[Task statement] Pictures excluded, output exactly the lines from the one containing "Jennifer, Colin, Lana, Josh, Ginnifer, Rebecca" through the last line of the listing below.

===== Raw data

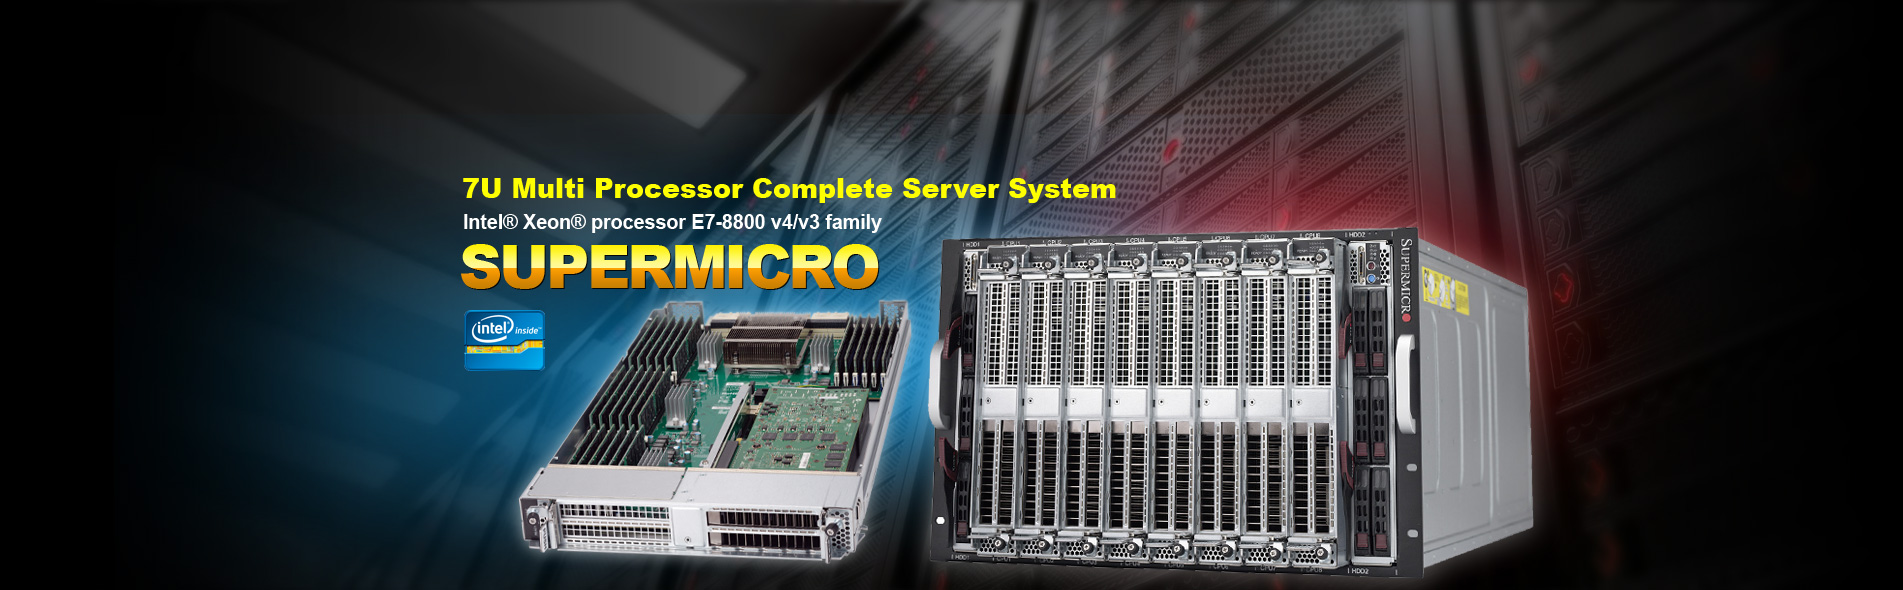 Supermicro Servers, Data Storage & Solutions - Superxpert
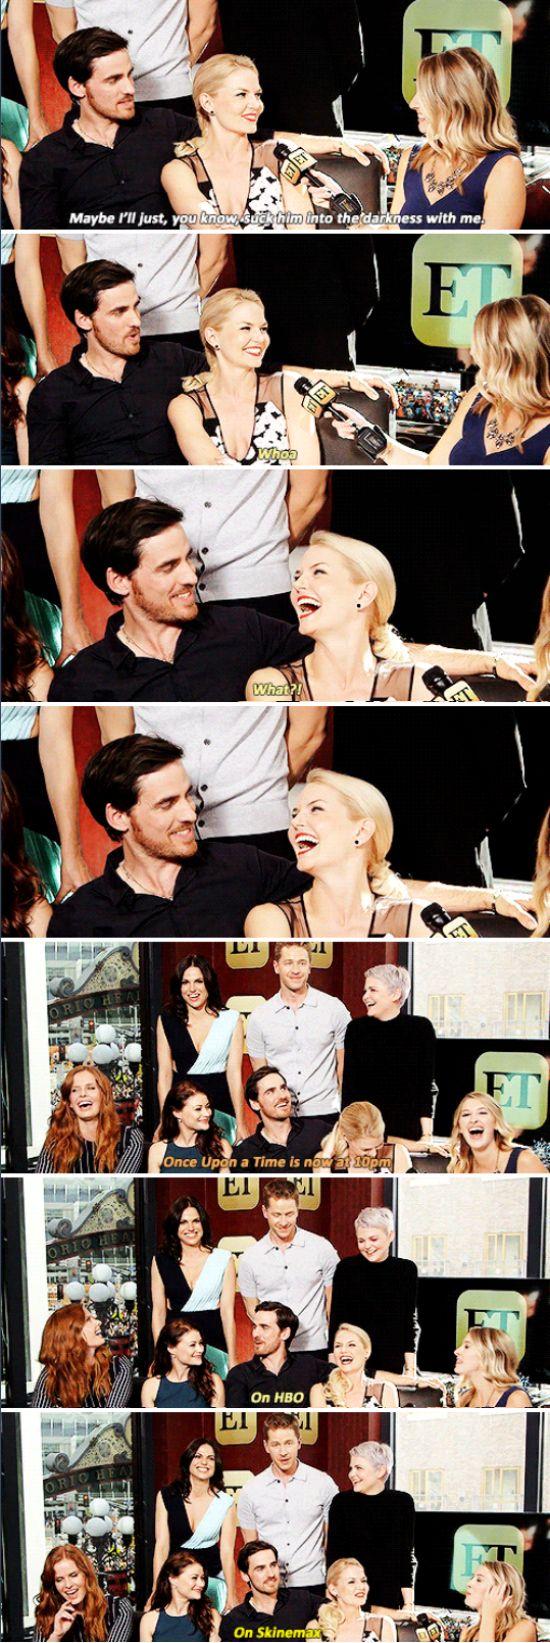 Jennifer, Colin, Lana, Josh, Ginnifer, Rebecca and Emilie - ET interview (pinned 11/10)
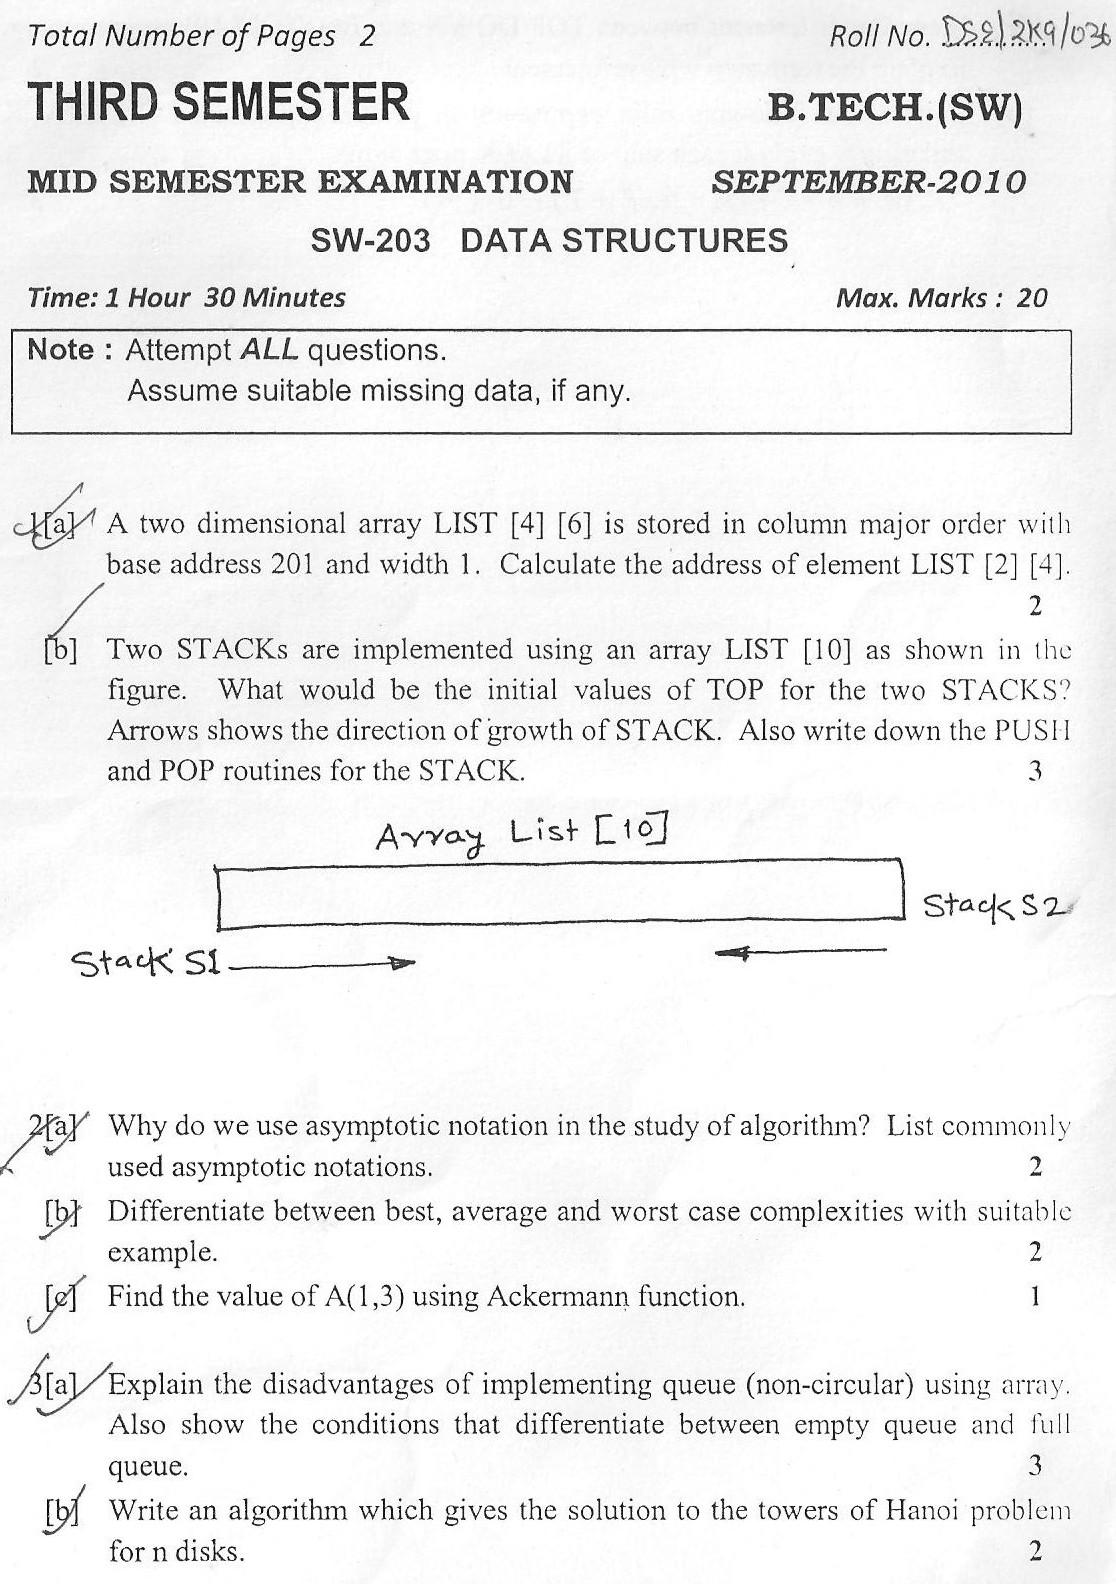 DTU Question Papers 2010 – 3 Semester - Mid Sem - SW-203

==========

[Completed task]
 Jennifer, Colin, Lana, Josh, Ginnifer, Rebecca and Emilie - ET interview (pinned 11/10)
 DTU Question Papers 2010 – 3 Semester - Mid Sem - SW-203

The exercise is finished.